Bemessungsgrundlage der Absetzung für Abnutzung (AfA)

Die Revision ist jedoch begründet, soweit sie sich gegen den Ansatz der AfA-Bemessungsgrundlage für das Gebäude in X, Y-Straße 12, durch das FG richtet.

1. Die Vorentscheidung enthält in tatsächlicher Hinsicht keine ausreichenden Feststellungen i.S. des § 118 Abs. 2 FGO, die eine revisionsrechtliche Überprüfung der AfA-Bemessungsgrundlage ermöglichen würden. Es fehlt an der zahlenmäßigen Feststellung der Beträge, die die AfA-Bemessungsgrundlage bilden. Dies ist ein materiell-rechtlicher Fehler in der Urteilsfindung, der für sich genommen zur Aufhebung der Vorentscheidung und zur Zurückverweisung der Sache an das FG führen muß (vgl. BFH-Urteile vom 10. Dezember 1981 V R 75/76, BFHE 134, 470, BStBl II 1982, 200, für nicht ausreichende tatsächliche Feststellungen; vom 7. März 1973 II R 34/66, BFHE 109, 472, BStBl II 1973, 707, für widersprüchliche Feststellungen; Gräber, Finanzgerichtsordnung, § 118, Rdnrn. 10 B, 13 m.w.N.).

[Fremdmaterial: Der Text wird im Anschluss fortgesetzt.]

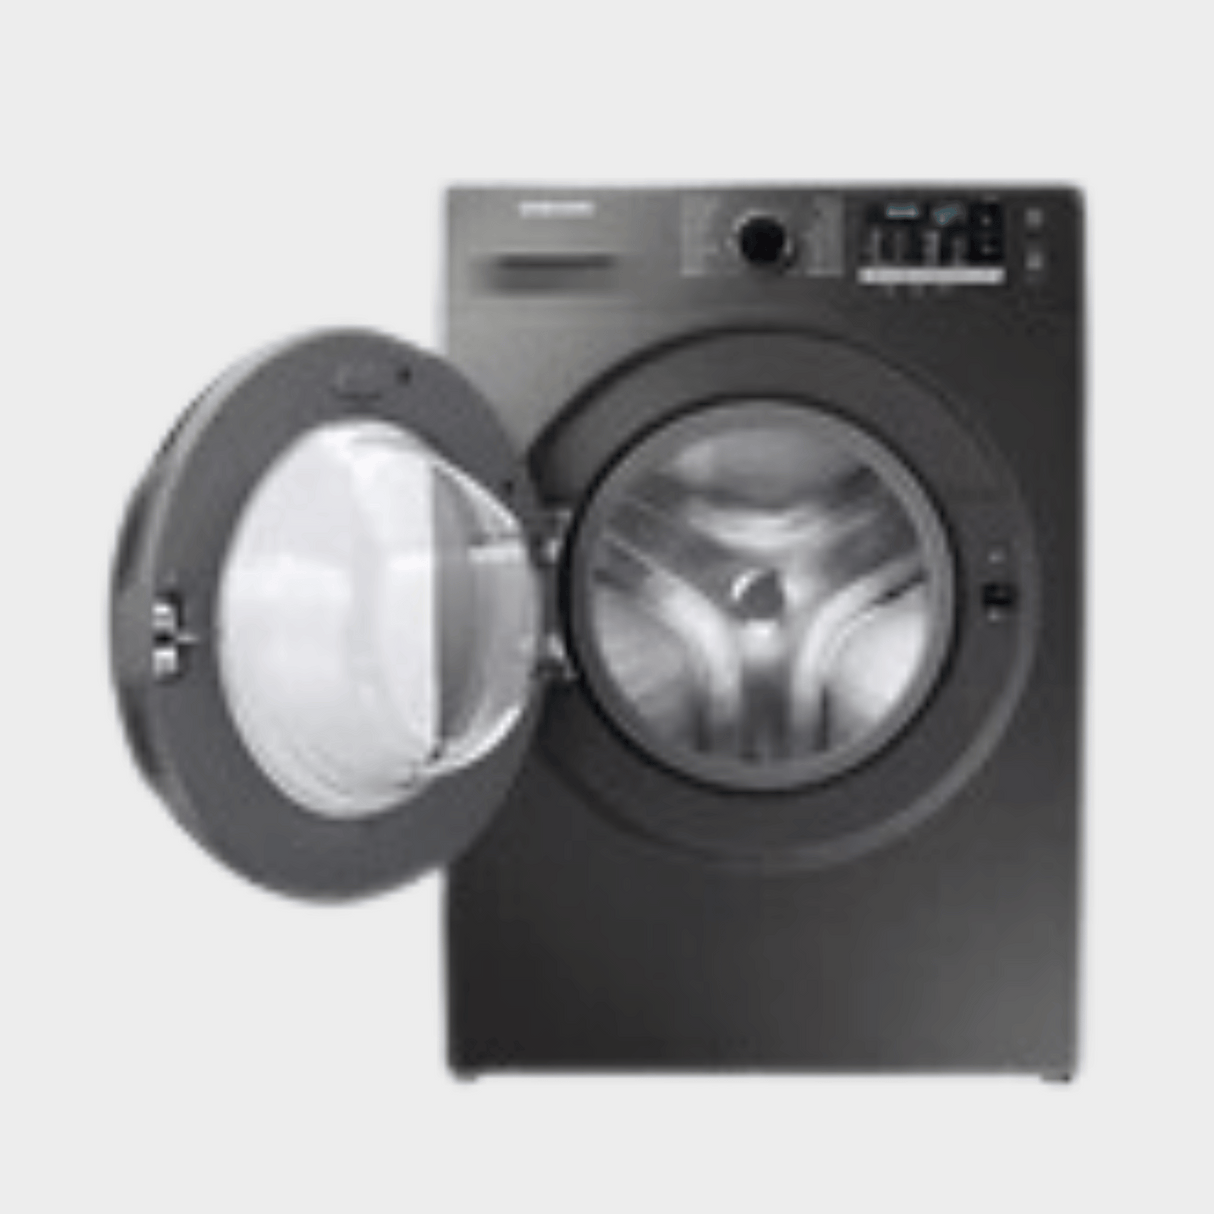 Samsung 8kg Front-Load Washing Machine with Eco Bubble WW80 J5260GX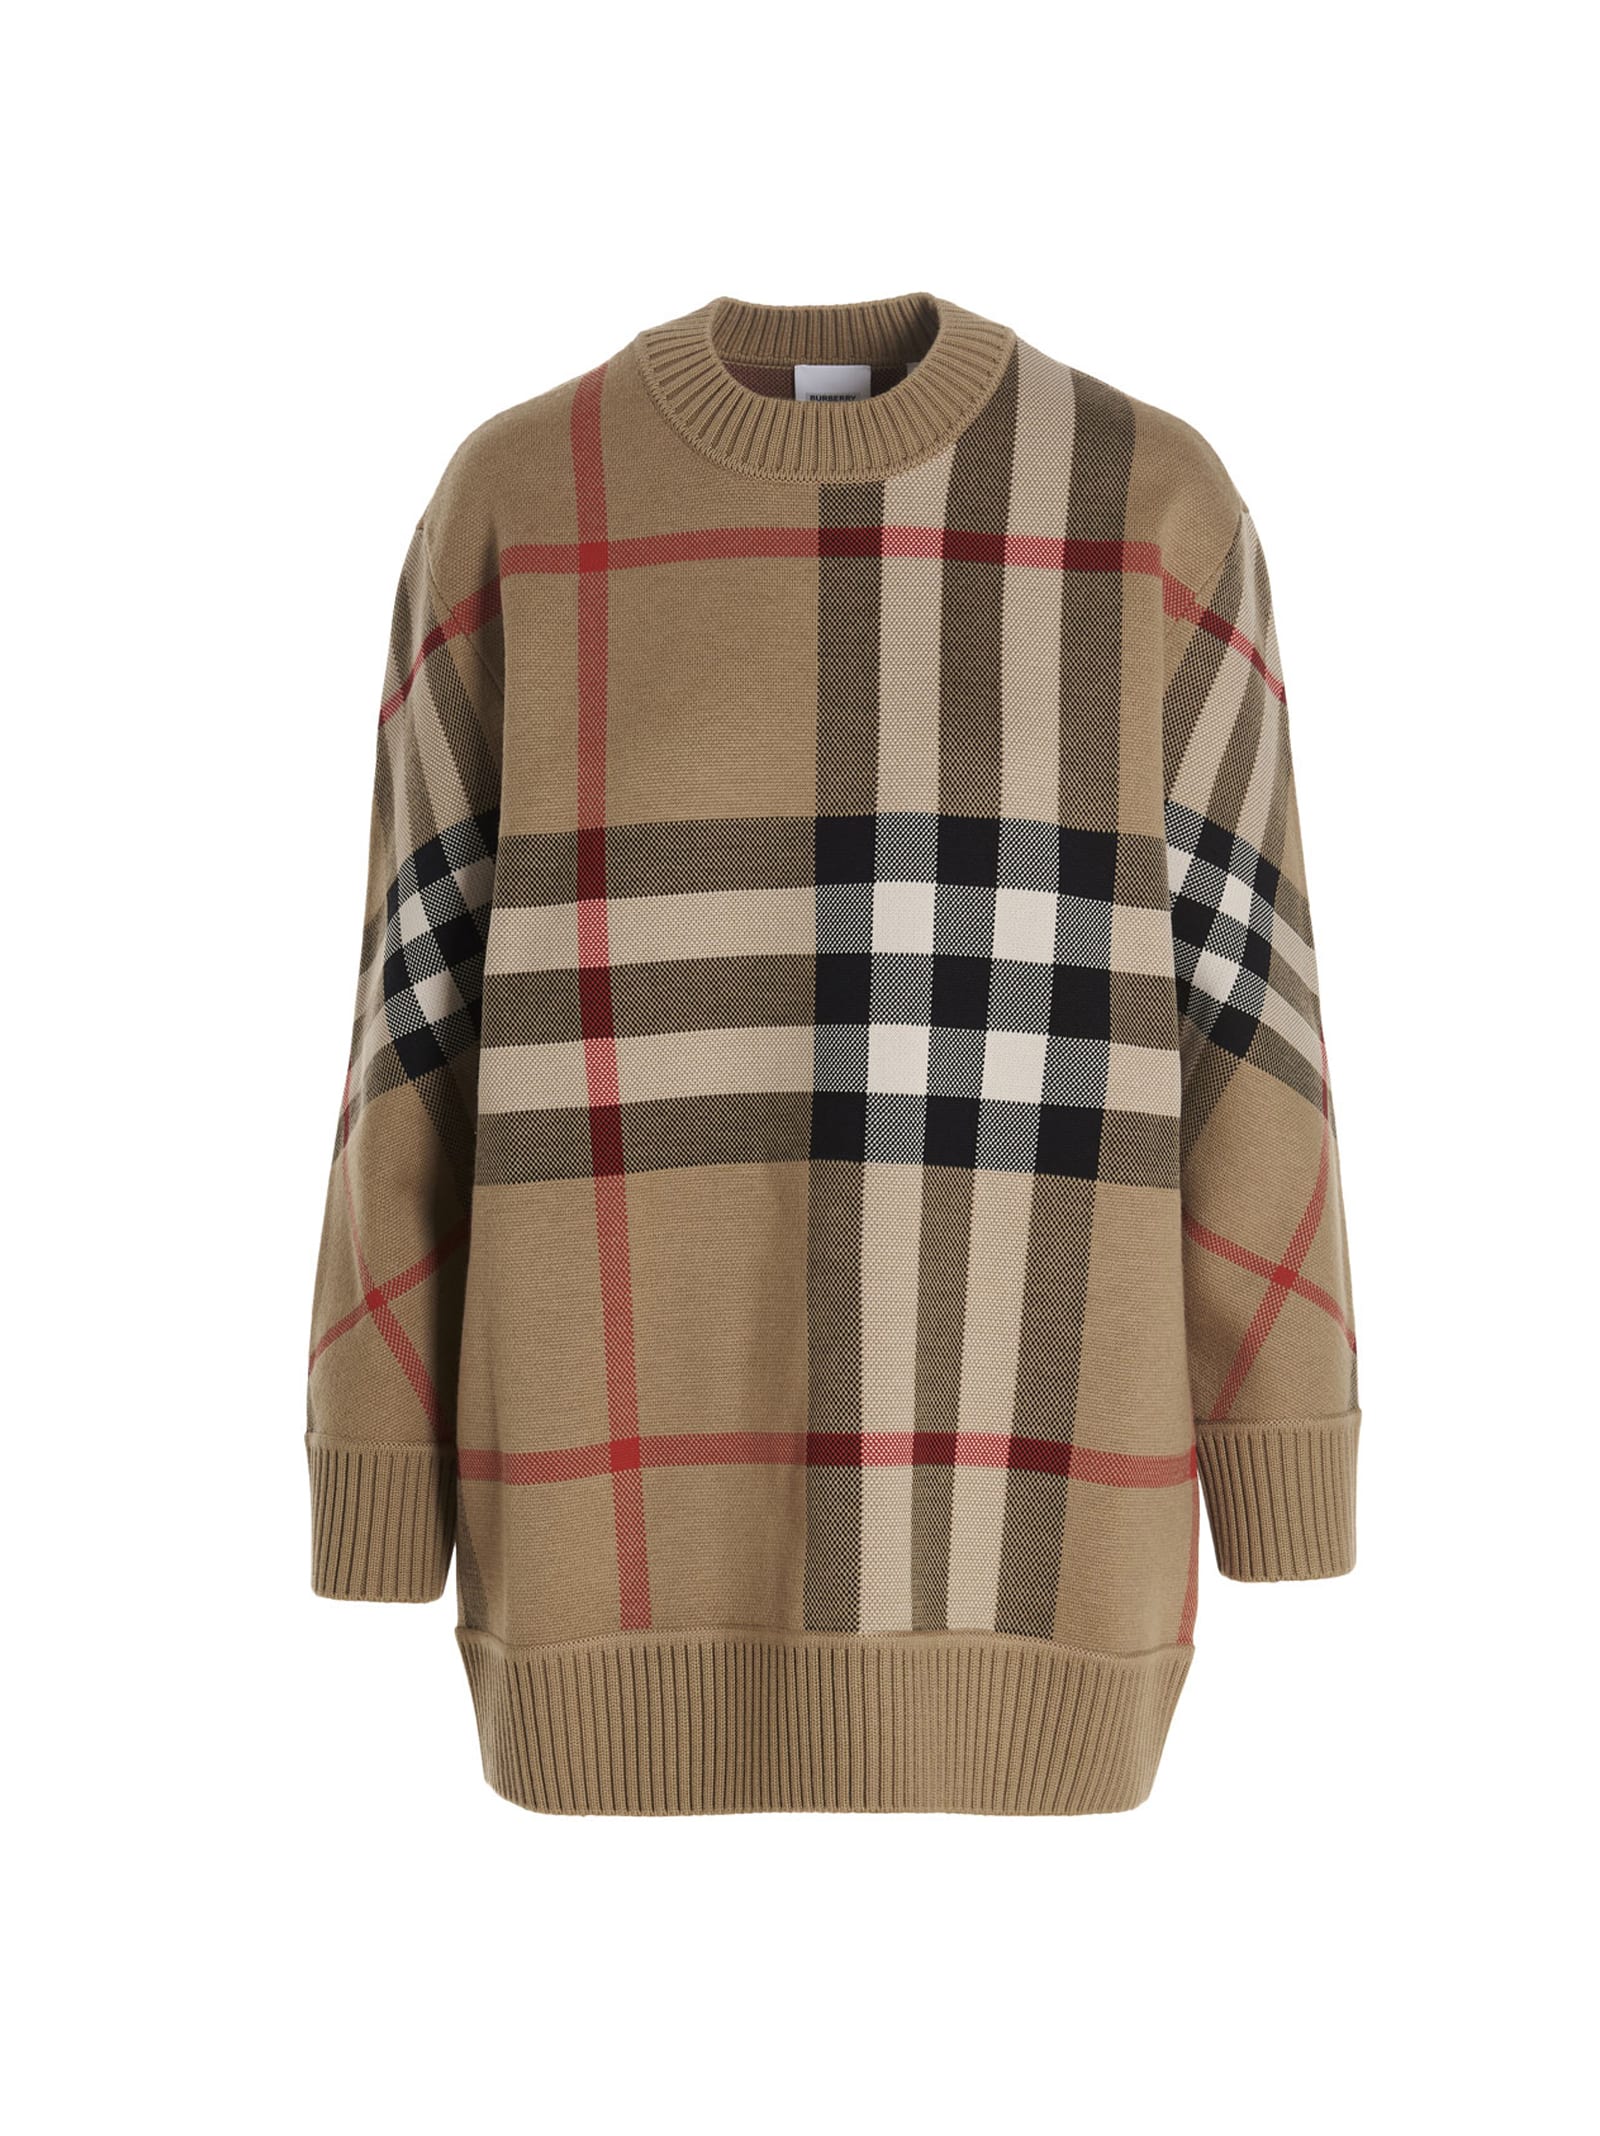 Burberry calee Sweater

2. Gegebenenfalls wird das FG prüfen müssen, ob der Kläger am 11. November 1974 2/3 des bebauten Grundstücks betrieblich veranlaßt erwarb (einlegte), um am 15. November 1974 davon die Hälfte - also insgesamt 1/3 - wieder zu entnehmen und sie seiner Ehefrau zu schenken. Ein entsprechender Erwerb würde die Betriebsvermögenseigenschaft des bebauten Grundstücks in der Zeit vom 11. bis 15. November 1974 mit allen sich daraus ergebenden Konsequenzen auslösen.